**ABOUT THIS EXERCISE:**
Every line of the data below must be output exactly, with images left out.

**DATA SHOWN:**
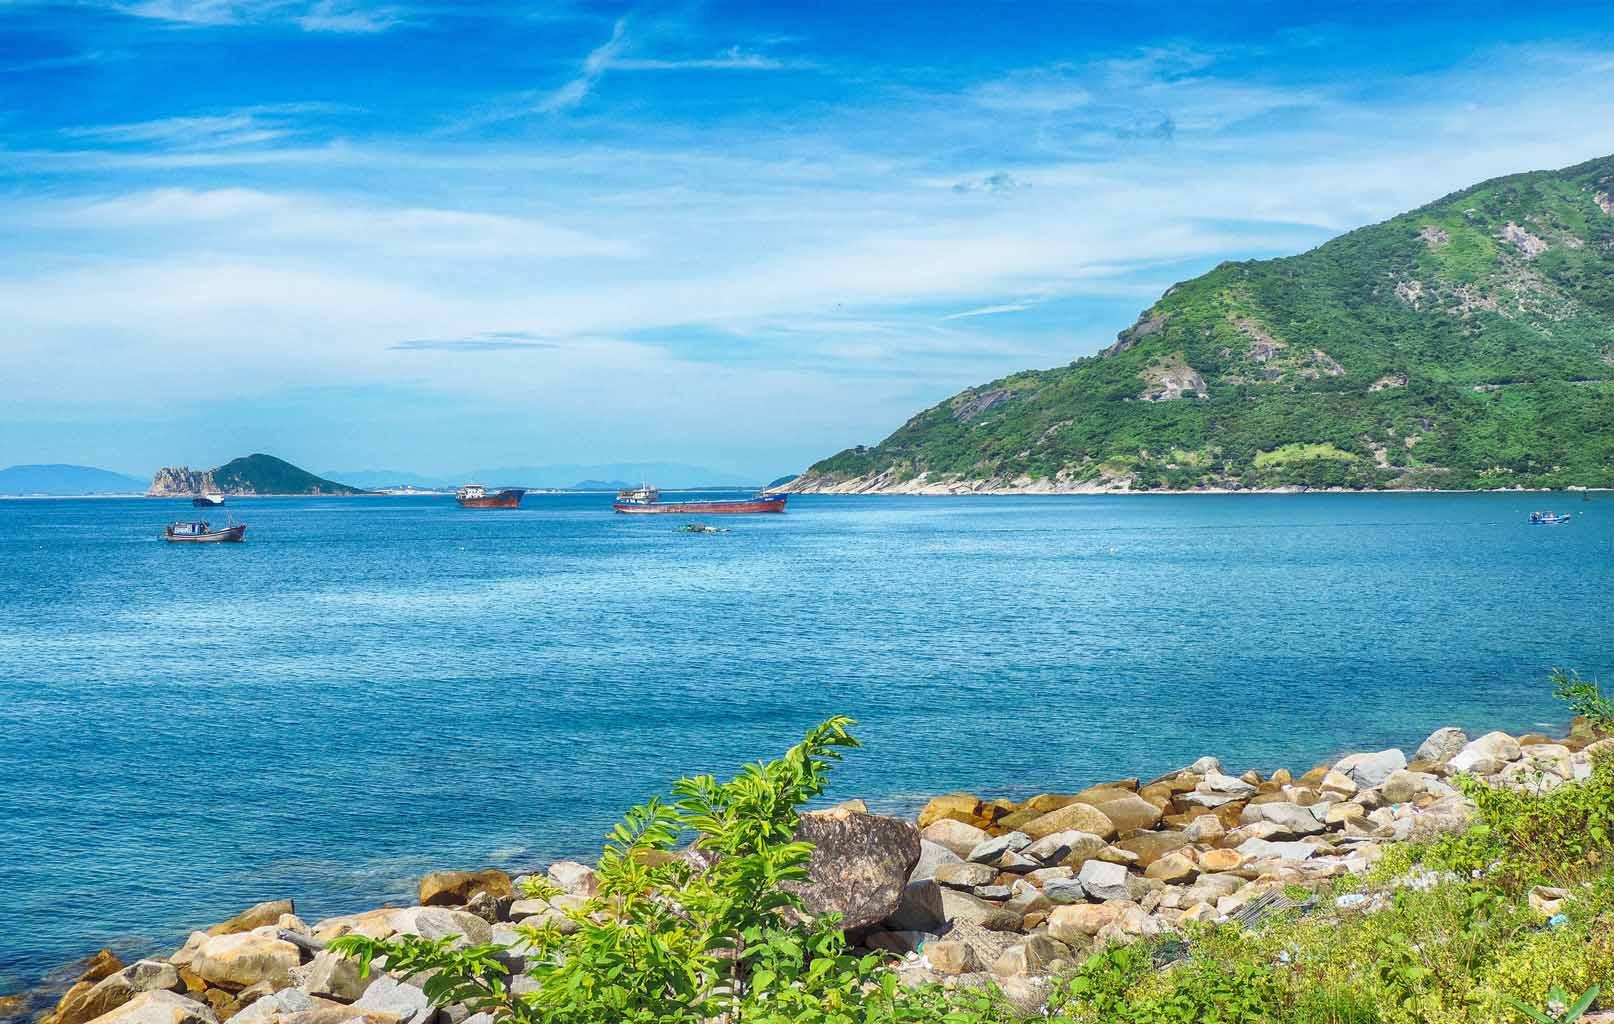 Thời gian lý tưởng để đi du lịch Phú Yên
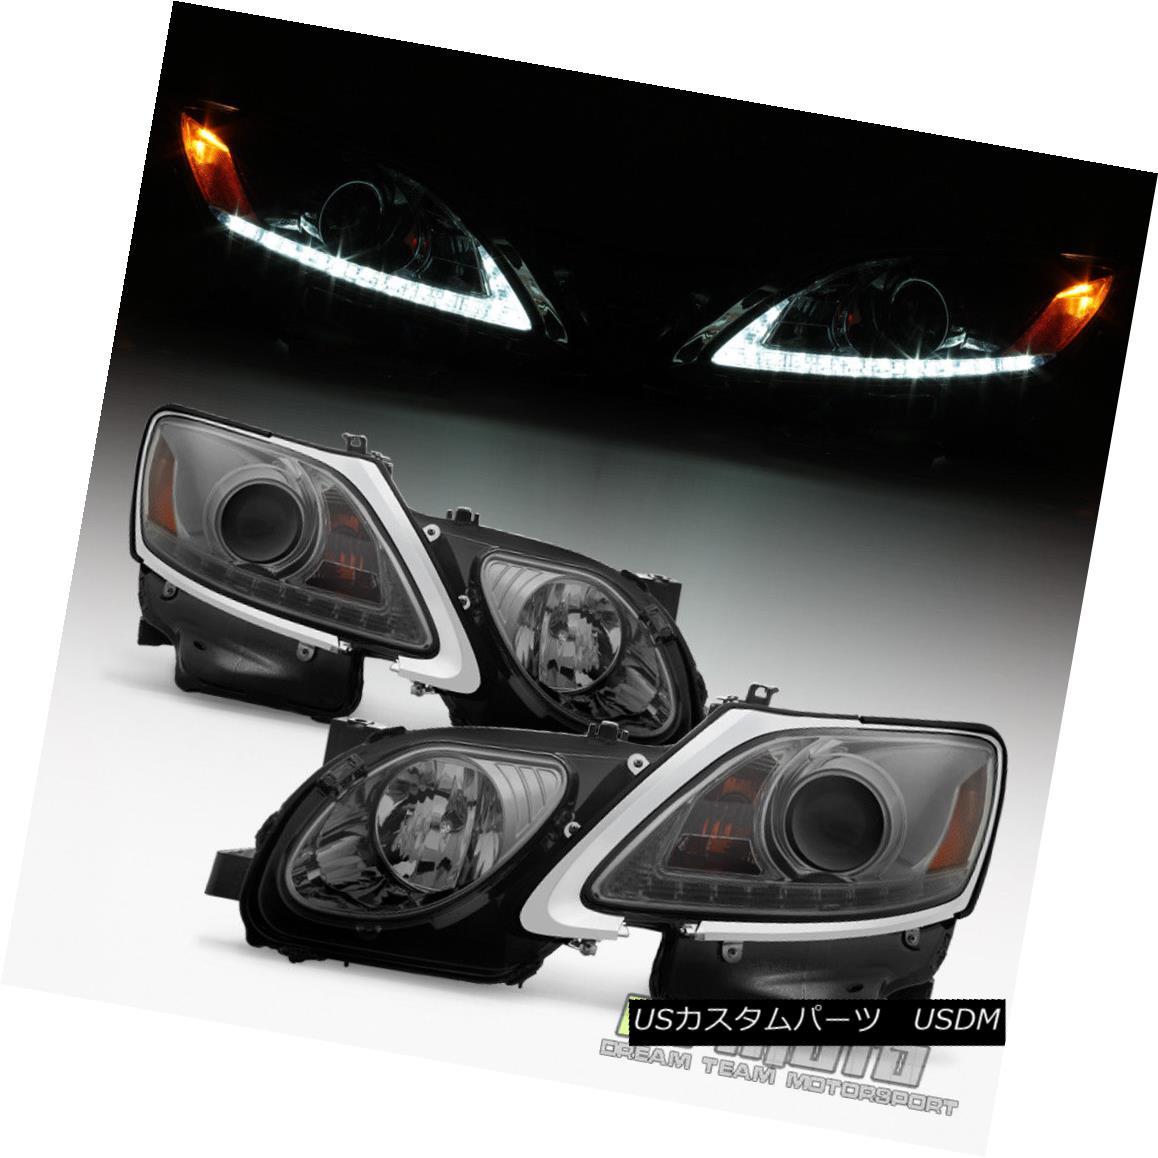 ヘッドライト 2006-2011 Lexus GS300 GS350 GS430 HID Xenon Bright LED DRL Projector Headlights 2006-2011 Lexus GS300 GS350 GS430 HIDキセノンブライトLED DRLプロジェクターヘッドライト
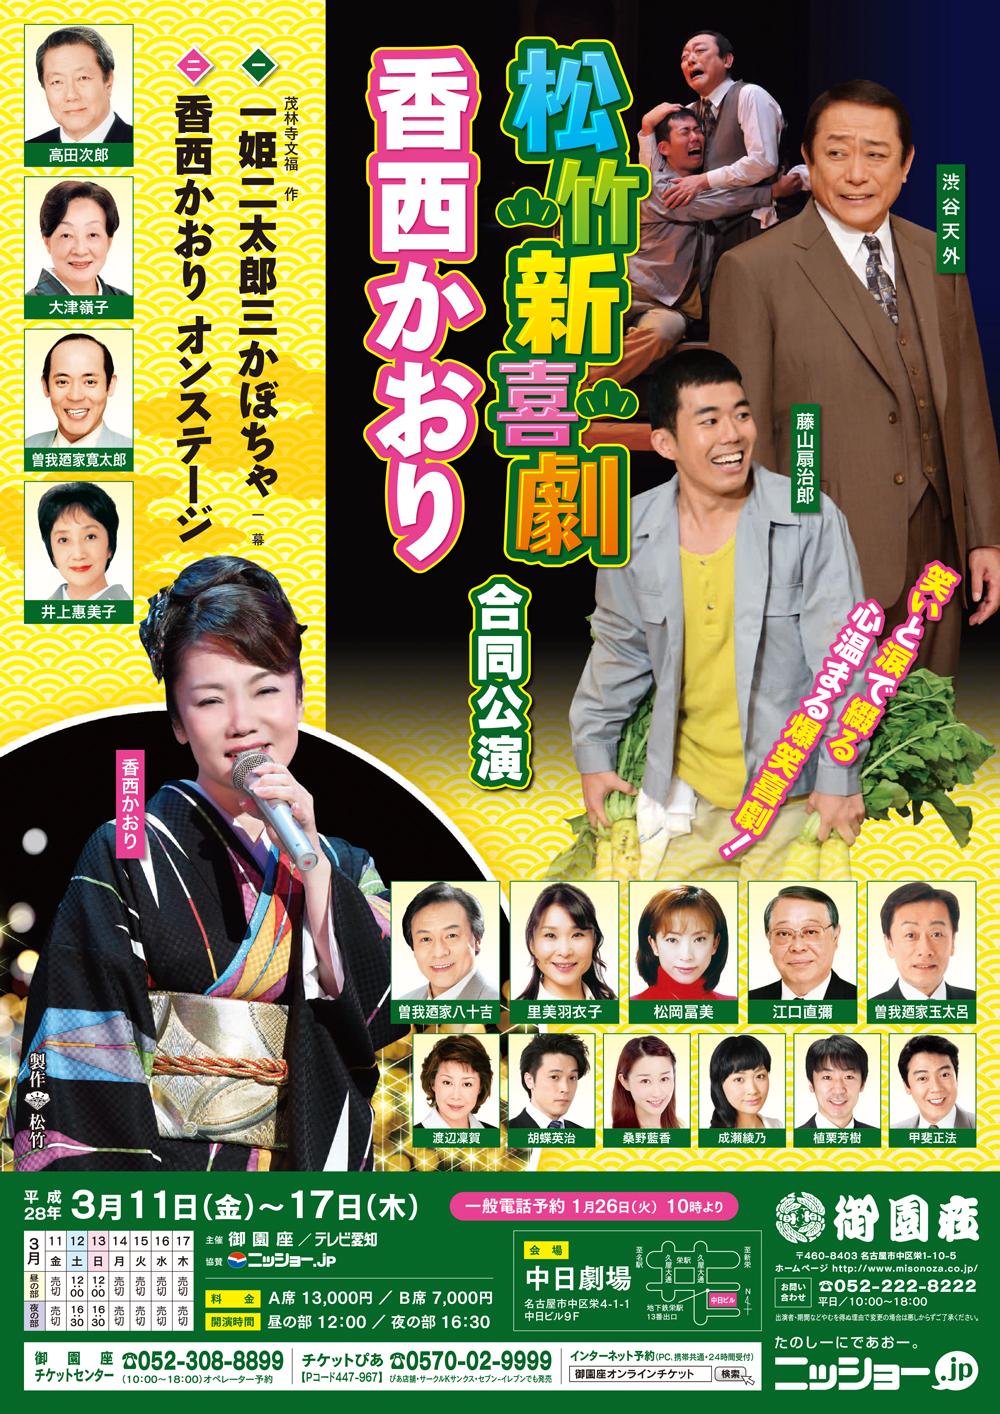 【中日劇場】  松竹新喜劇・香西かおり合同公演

**SOLUTION FOR THIS PROBLEM:**
 Thời gian lý tưởng để đi du lịch Phú Yên
 ヘッドライト 2006-2011 Lexus GS300 GS350 GS430 HID Xenon Bright LED DRL Projector Headlights 2006-2011 Lexus GS300 GS350 GS430 HIDキセノンブライトLED DRLプロジェクターヘッドライト
 【中日劇場】  松竹新喜劇・香西かおり合同公演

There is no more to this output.